Your task → The data below should be restated word for word, with every picture omitted.

Given data →

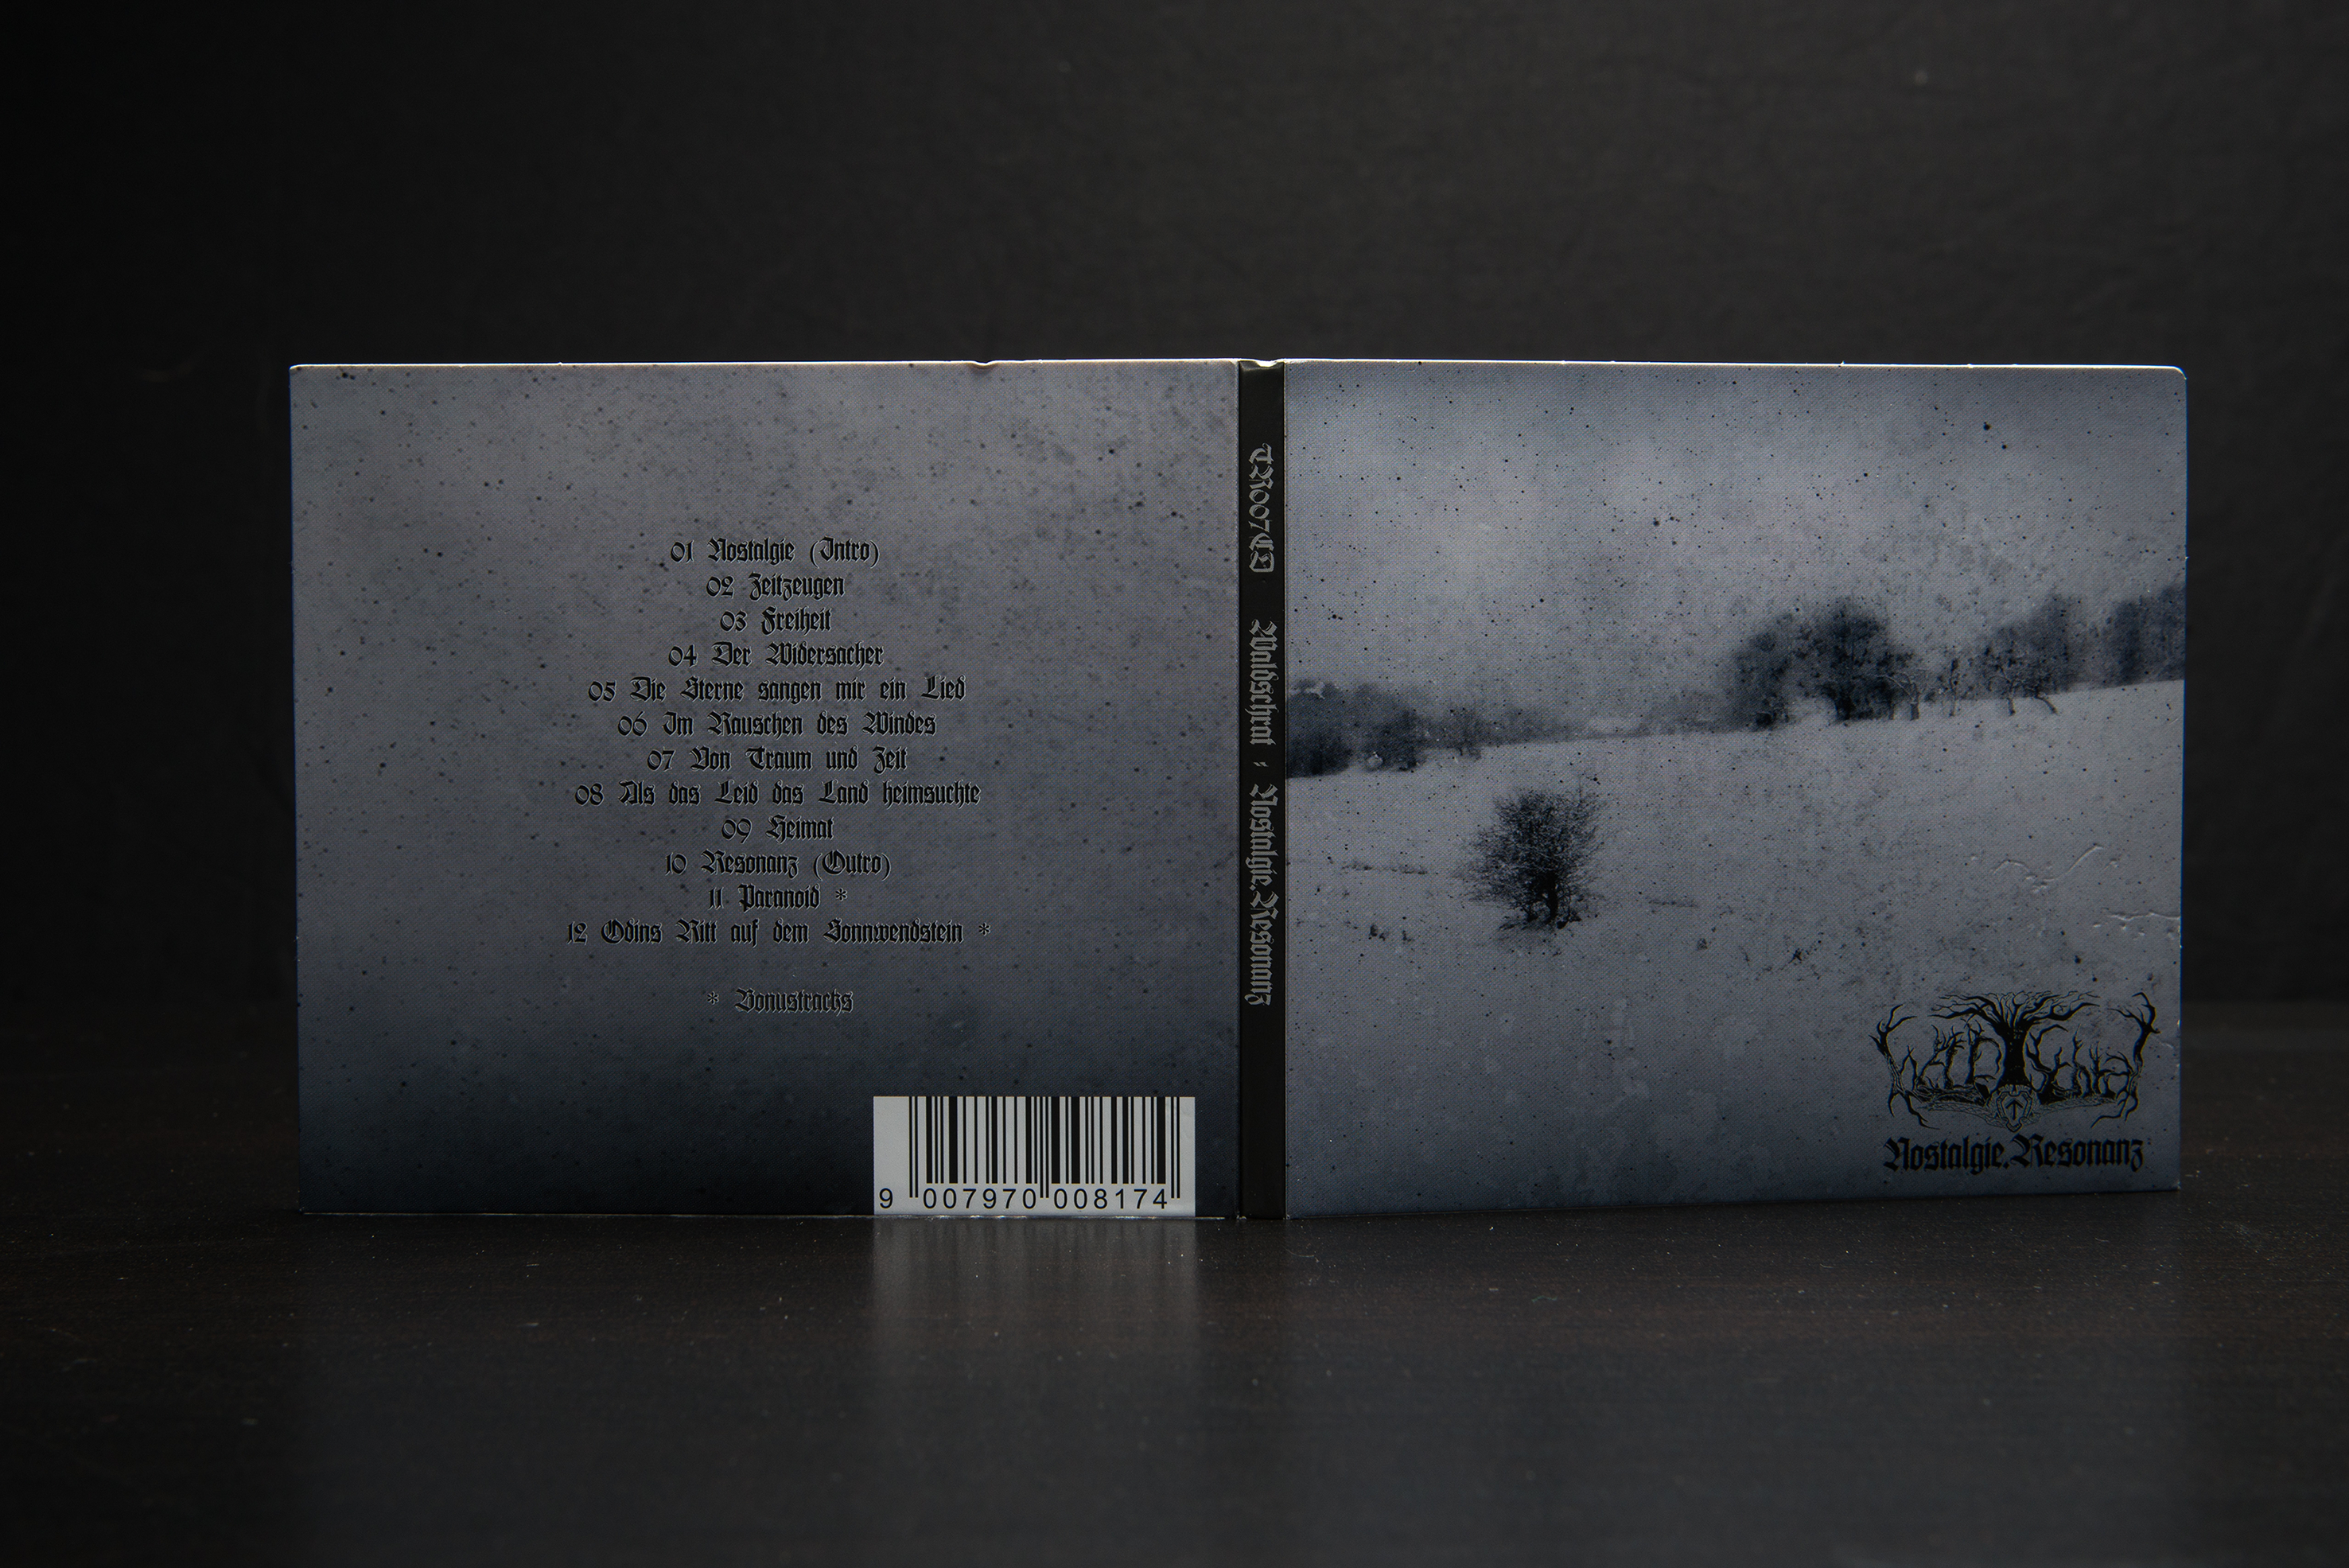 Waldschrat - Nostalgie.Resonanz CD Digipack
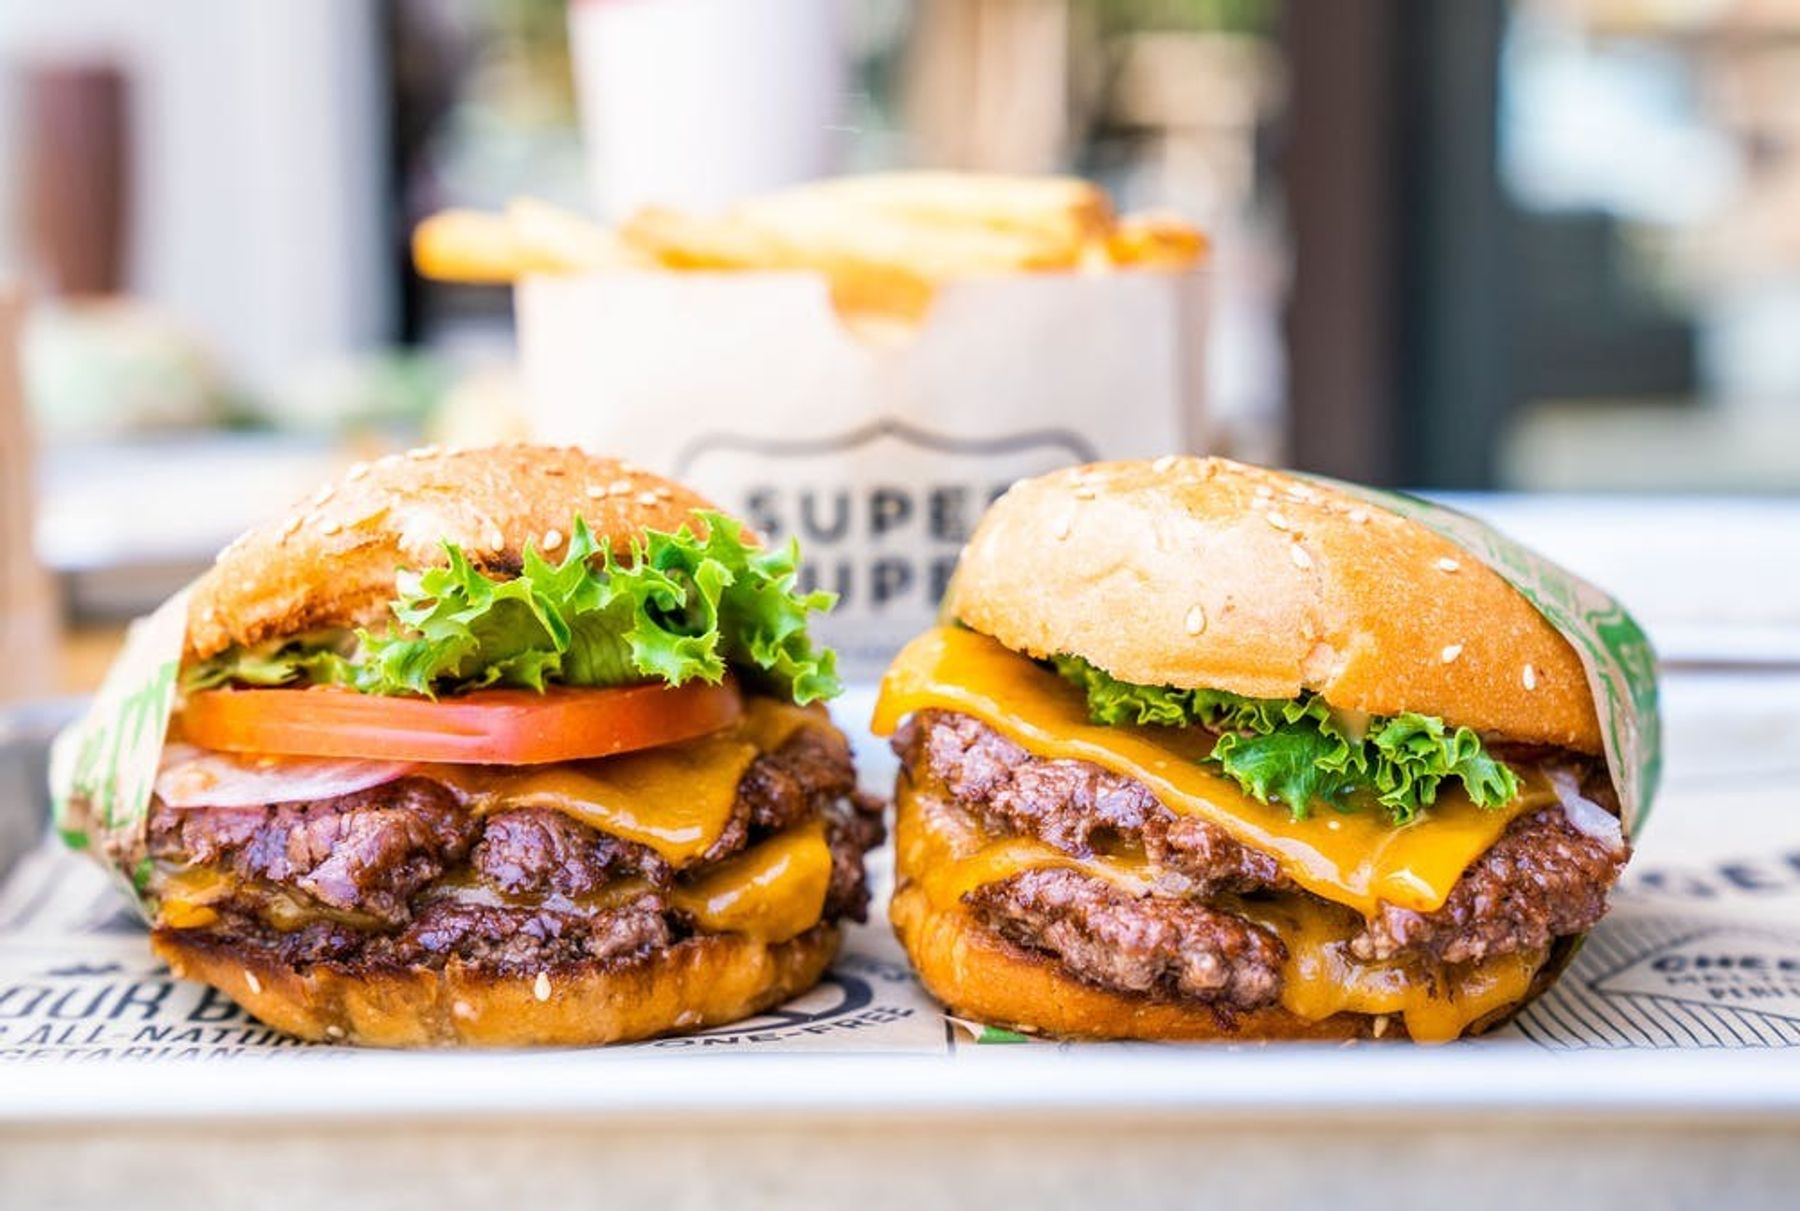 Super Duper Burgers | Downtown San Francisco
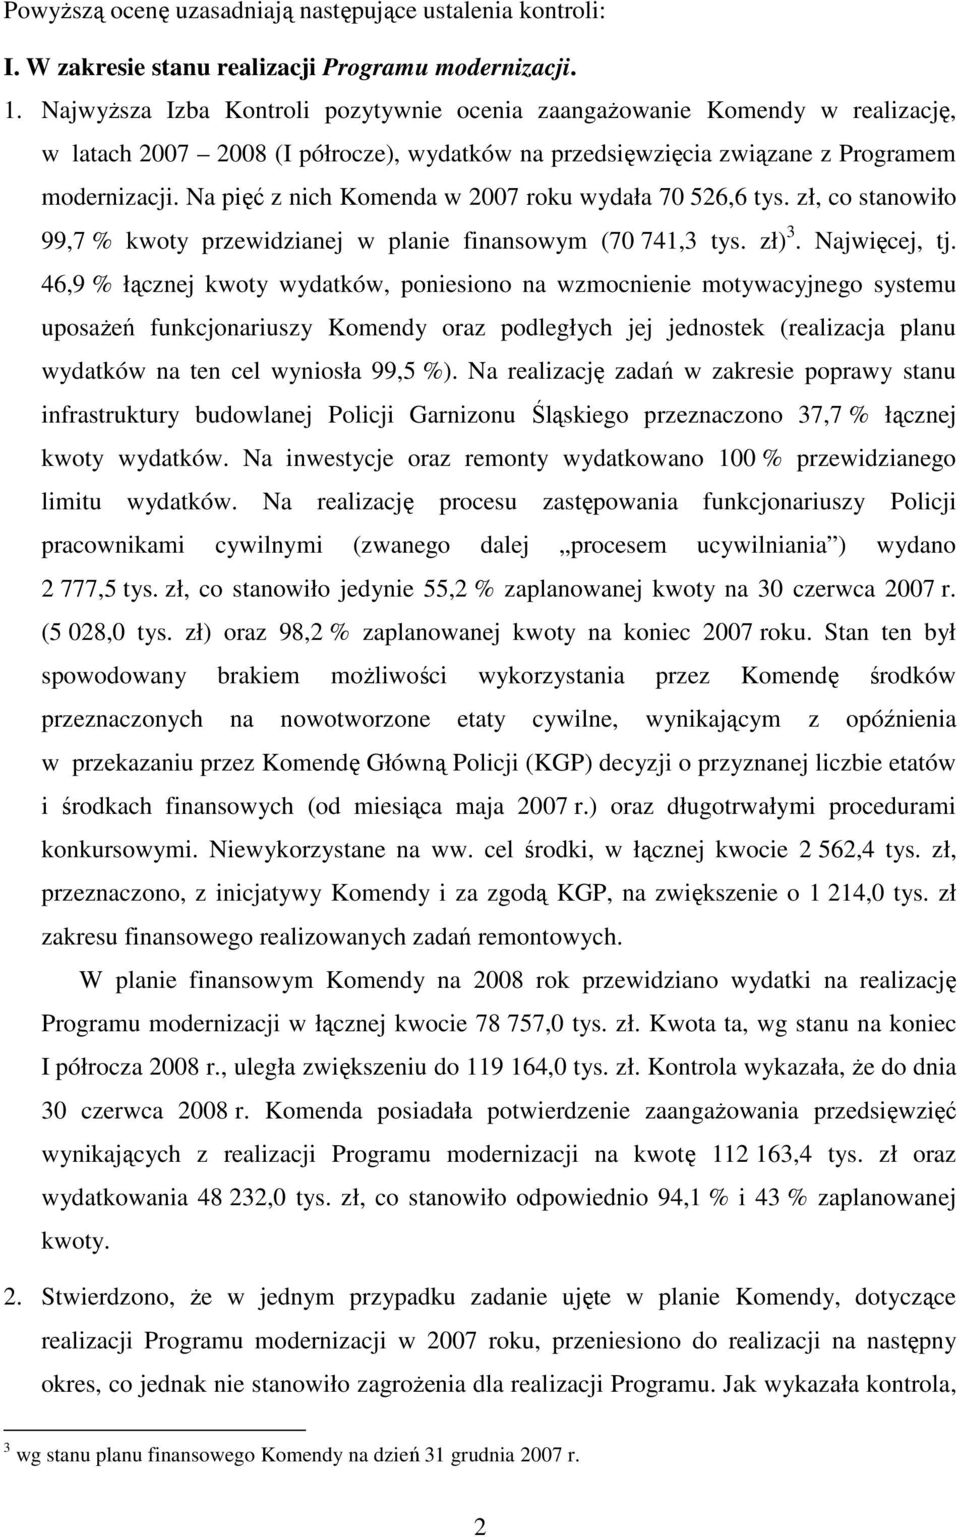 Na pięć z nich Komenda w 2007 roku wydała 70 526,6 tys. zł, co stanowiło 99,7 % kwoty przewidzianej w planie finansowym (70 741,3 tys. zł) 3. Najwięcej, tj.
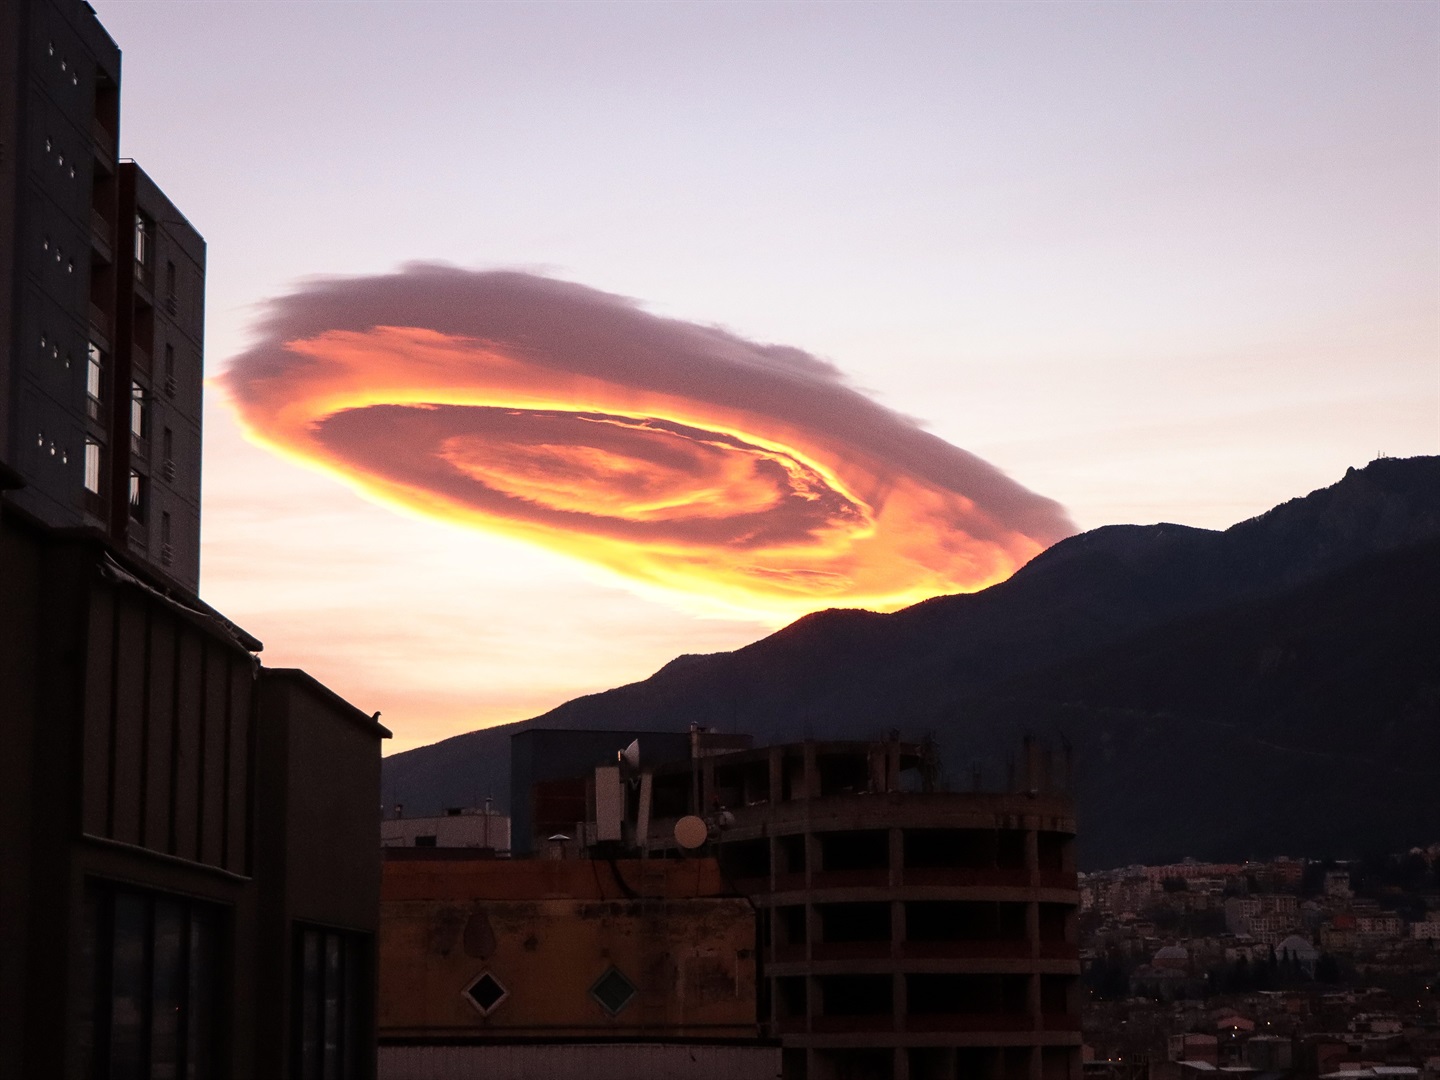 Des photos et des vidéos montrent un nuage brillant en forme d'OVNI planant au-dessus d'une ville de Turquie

Solution for this task →
 Waldschrat - Nostalgie.Resonanz CD Digipack
 Super Duper Burgers | Downtown San Francisco
 Na pięć z nich Komenda w 2007 roku wydała 70 526,6 tys. zł, co stanowiło 99,7 % kwoty przewidzianej w planie finansowym (70 741,3 tys. zł) 3. Najwięcej, tj.
 Des photos et des vidéos montrent un nuage brillant en forme d'OVNI planant au-dessus d'une ville de Turquie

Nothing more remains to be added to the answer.